* **TASK BRIEF**:
Apart from the pictures, every line below needs to be reproduced verbatim.

* **DATASET EXCERPT**:
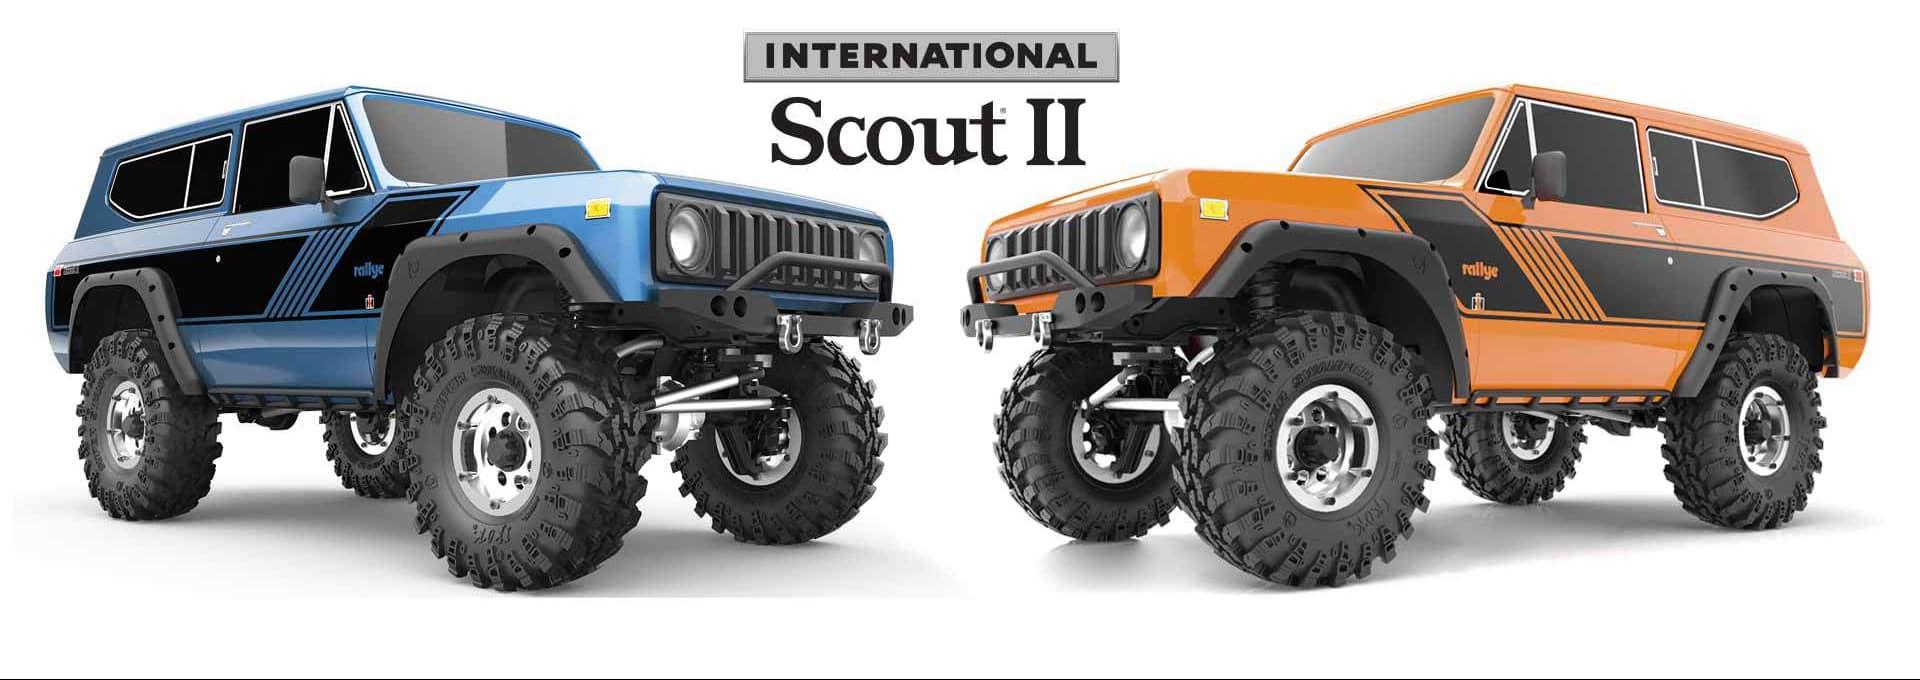 Redcat Racing GEN8 International Scout II - Hero
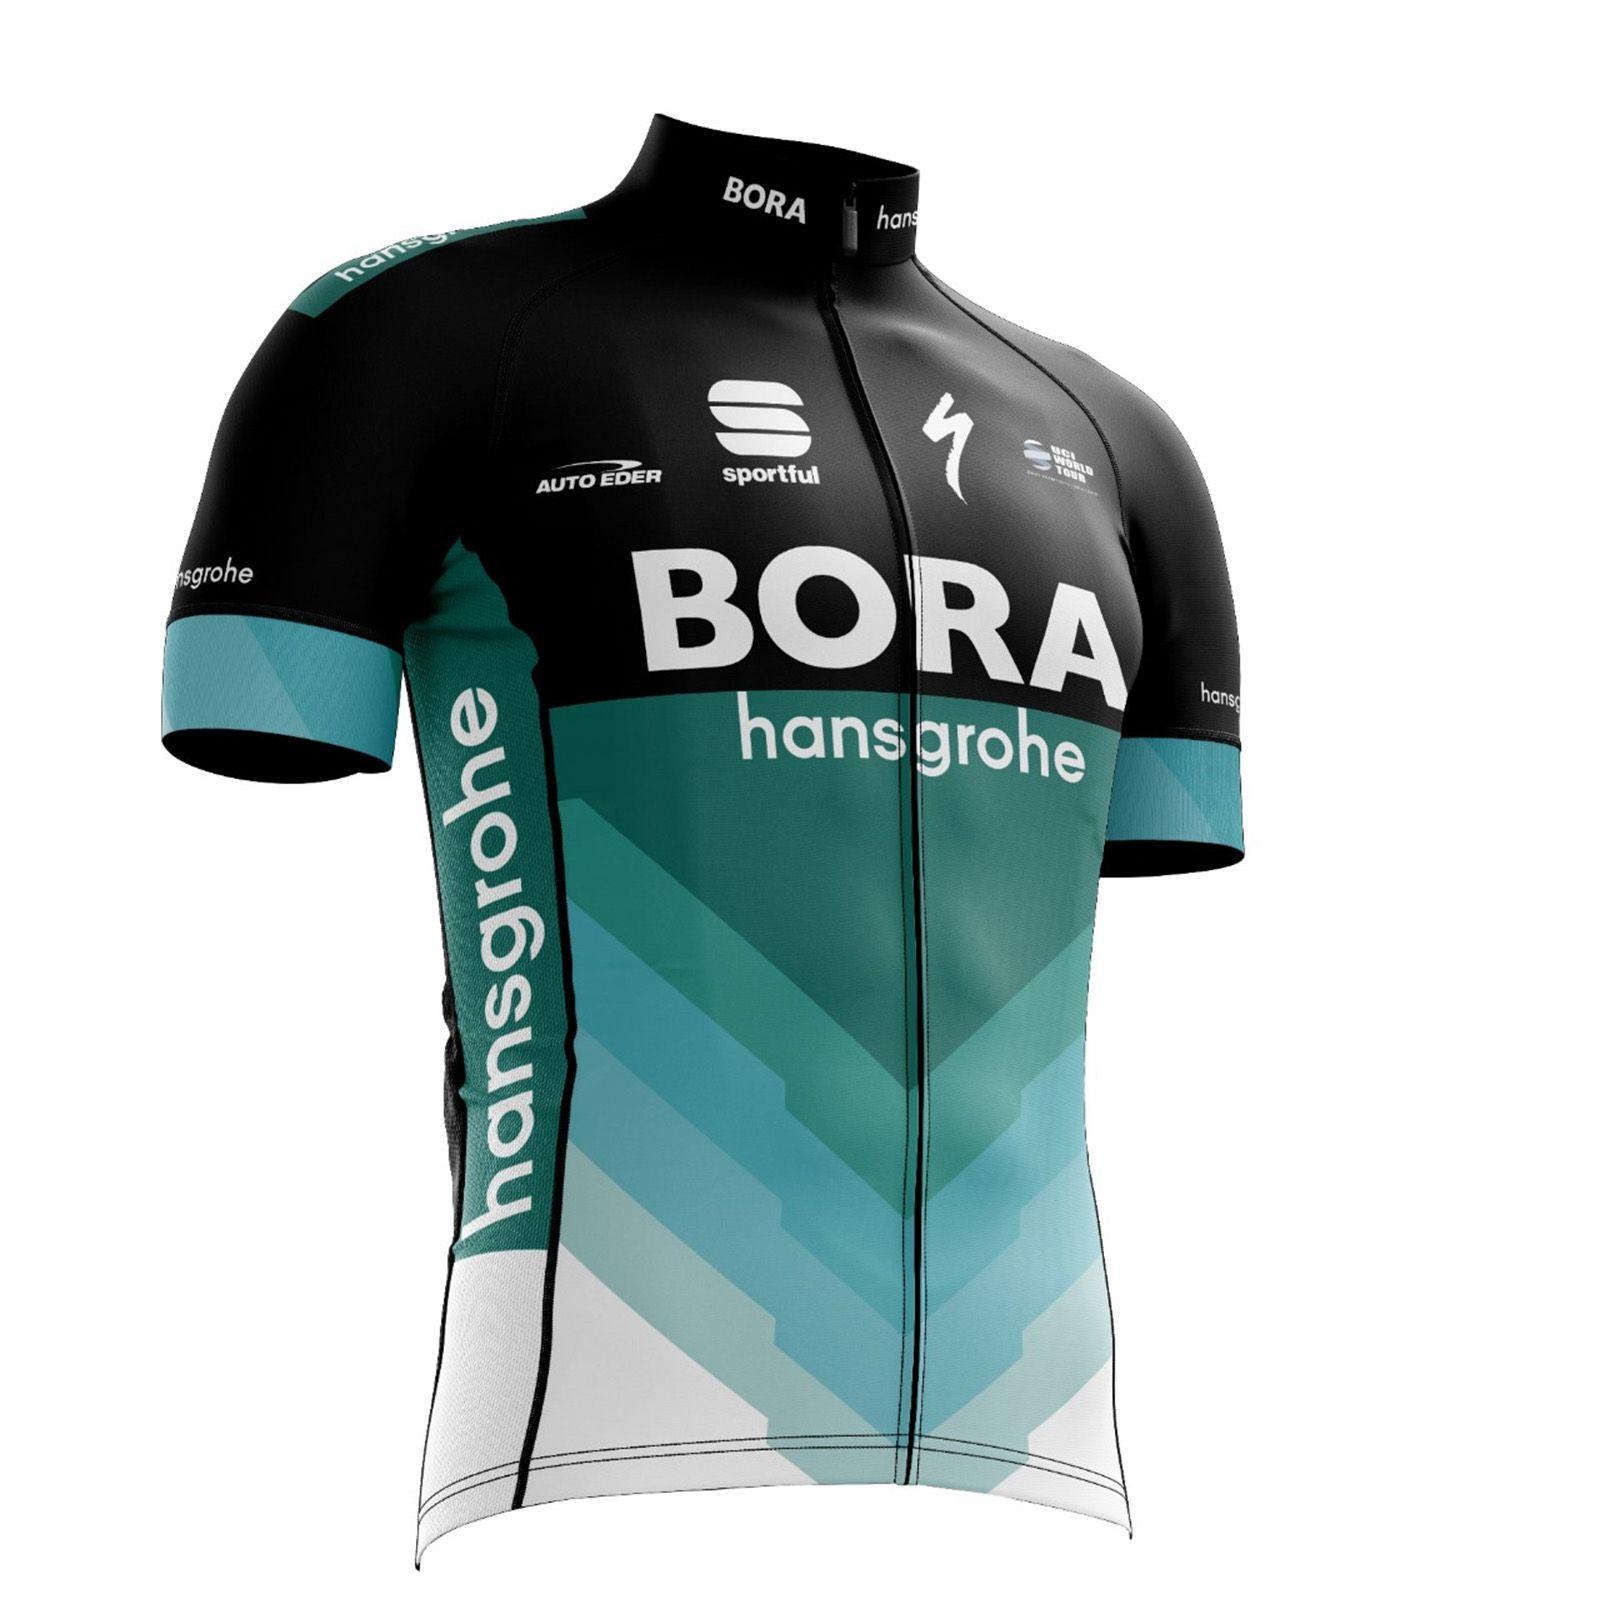 Camiseta Ciclismo Bora 2018 World Tour com proteção UV50 - Refactor
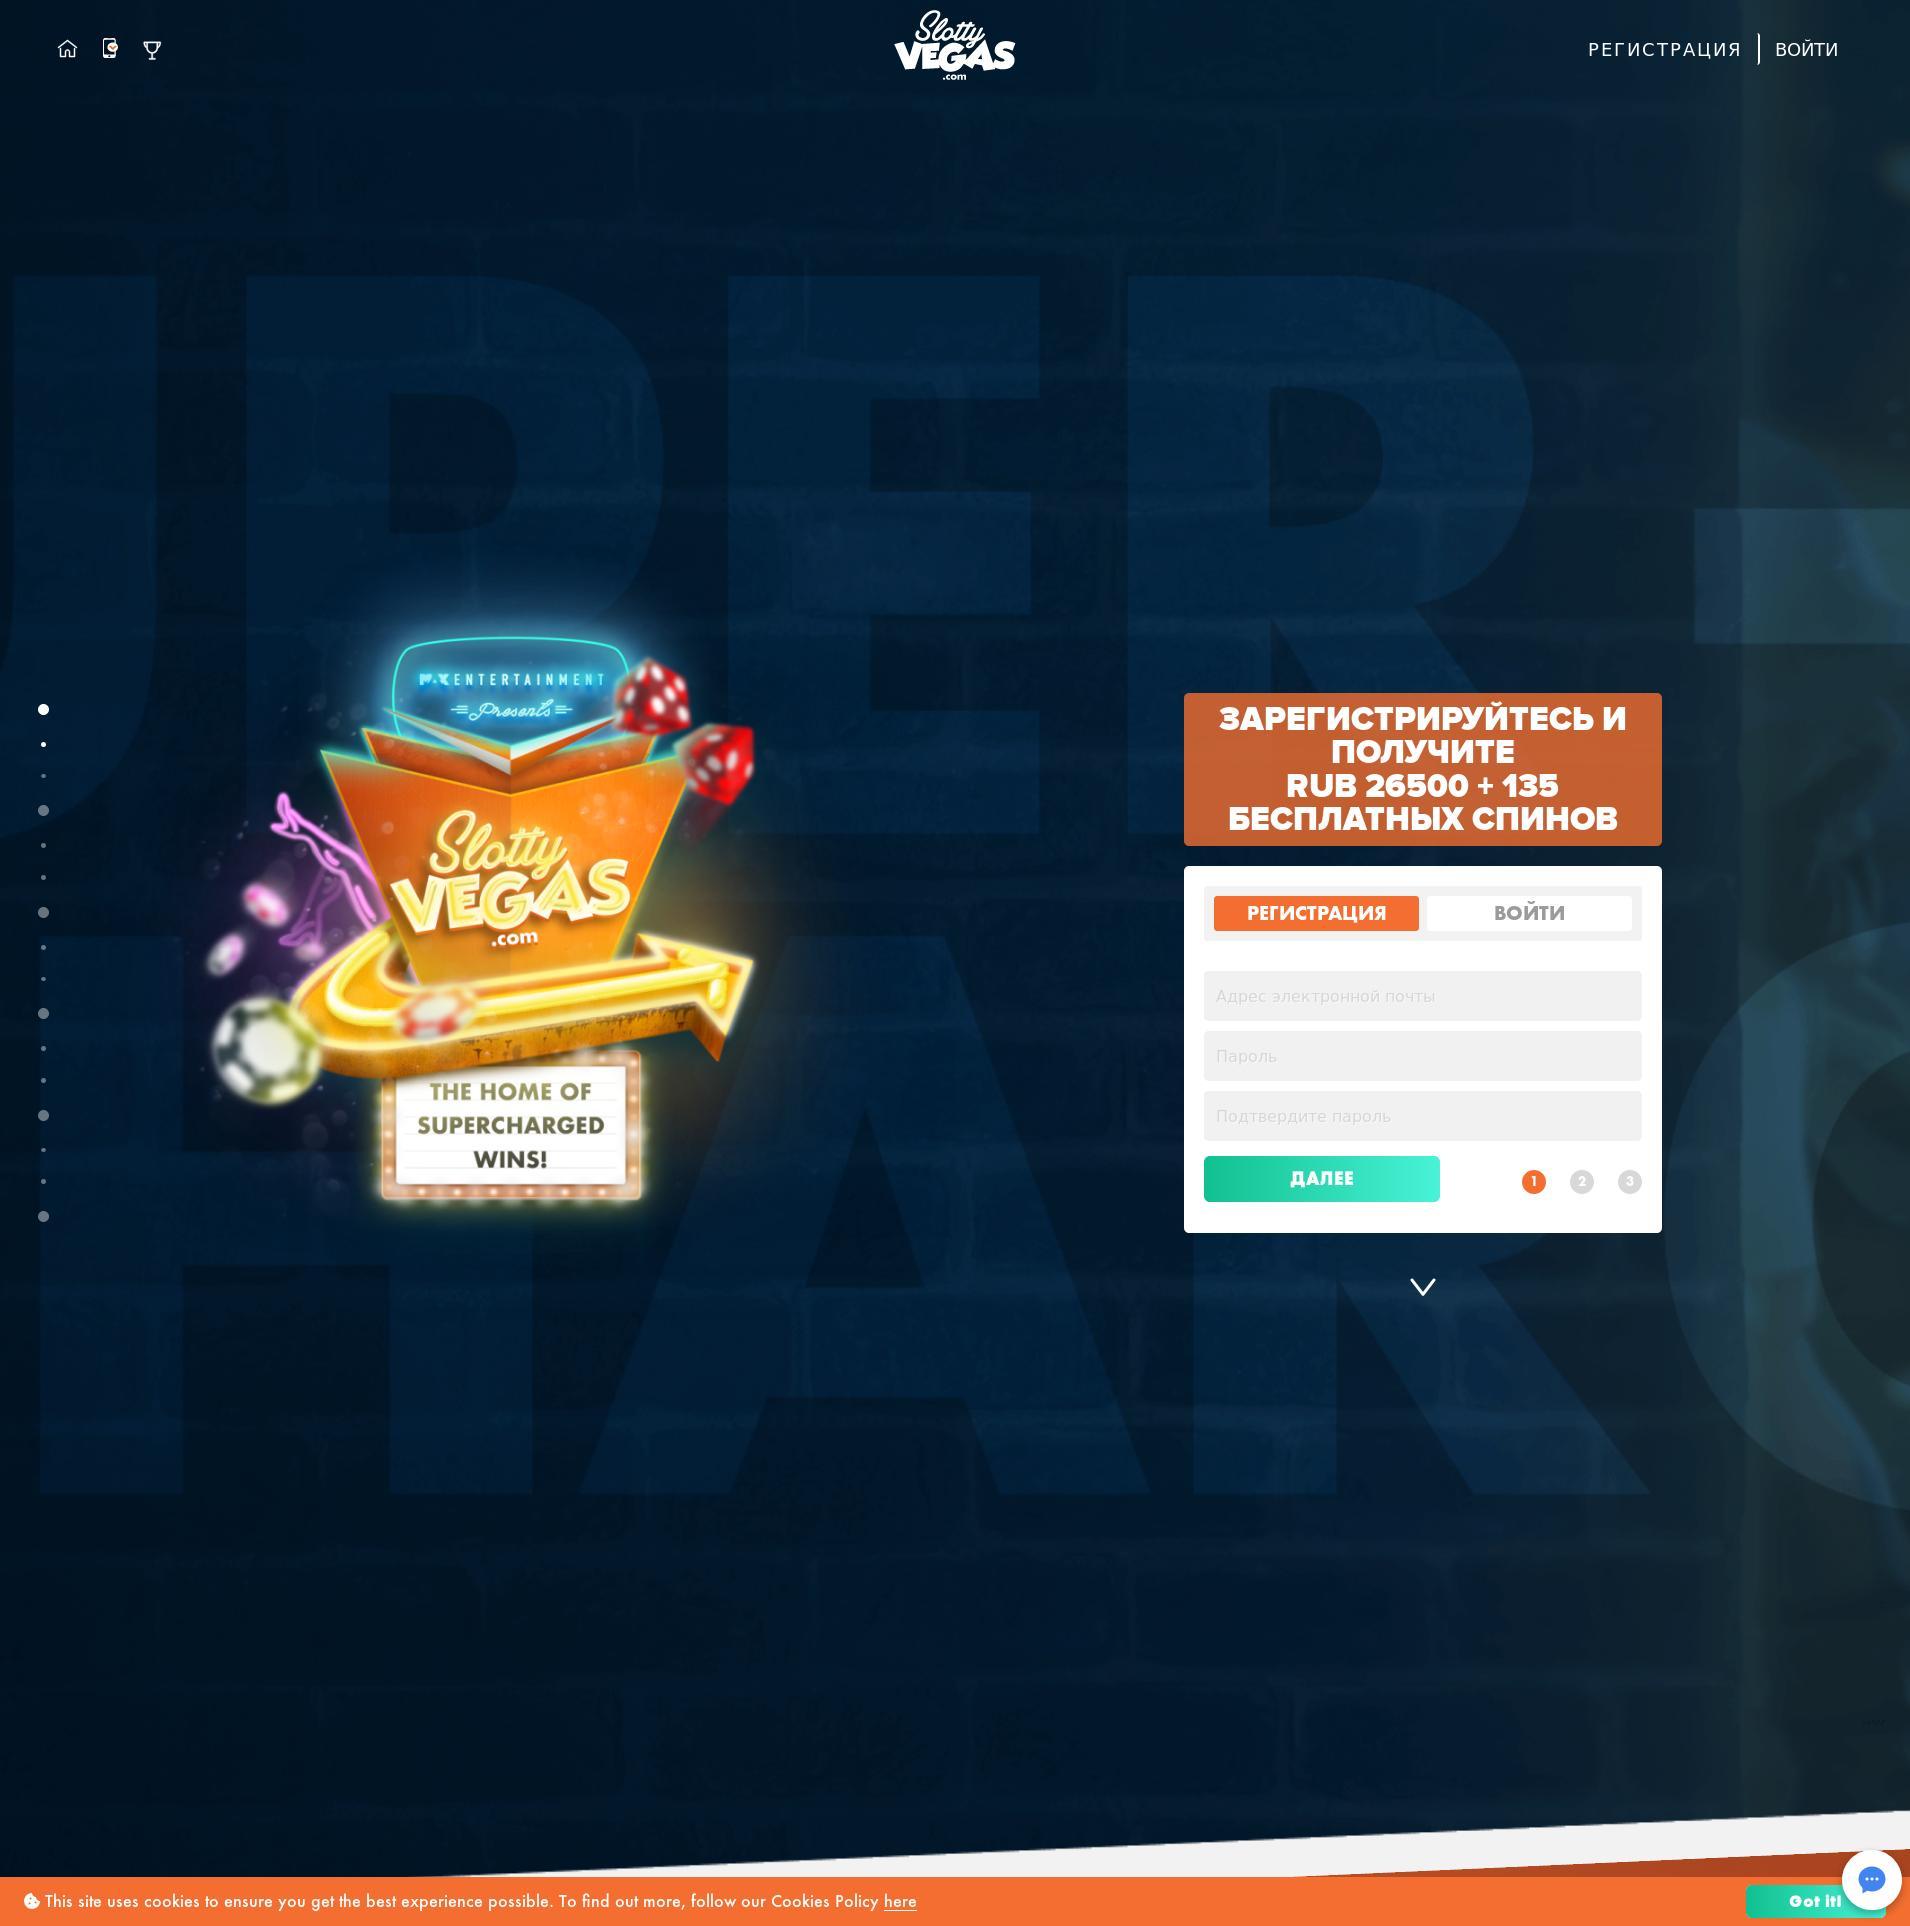 Casino screen Lobby 2019-08-21 for Ukraine

* **EXPECTED ANSWER**:
 Redcat Racing GEN8 International Scout II - Hero
 Camiseta Ciclismo Bora 2018 World Tour com proteção UV50 - Refactor
 Casino screen Lobby 2019-08-21 for Ukraine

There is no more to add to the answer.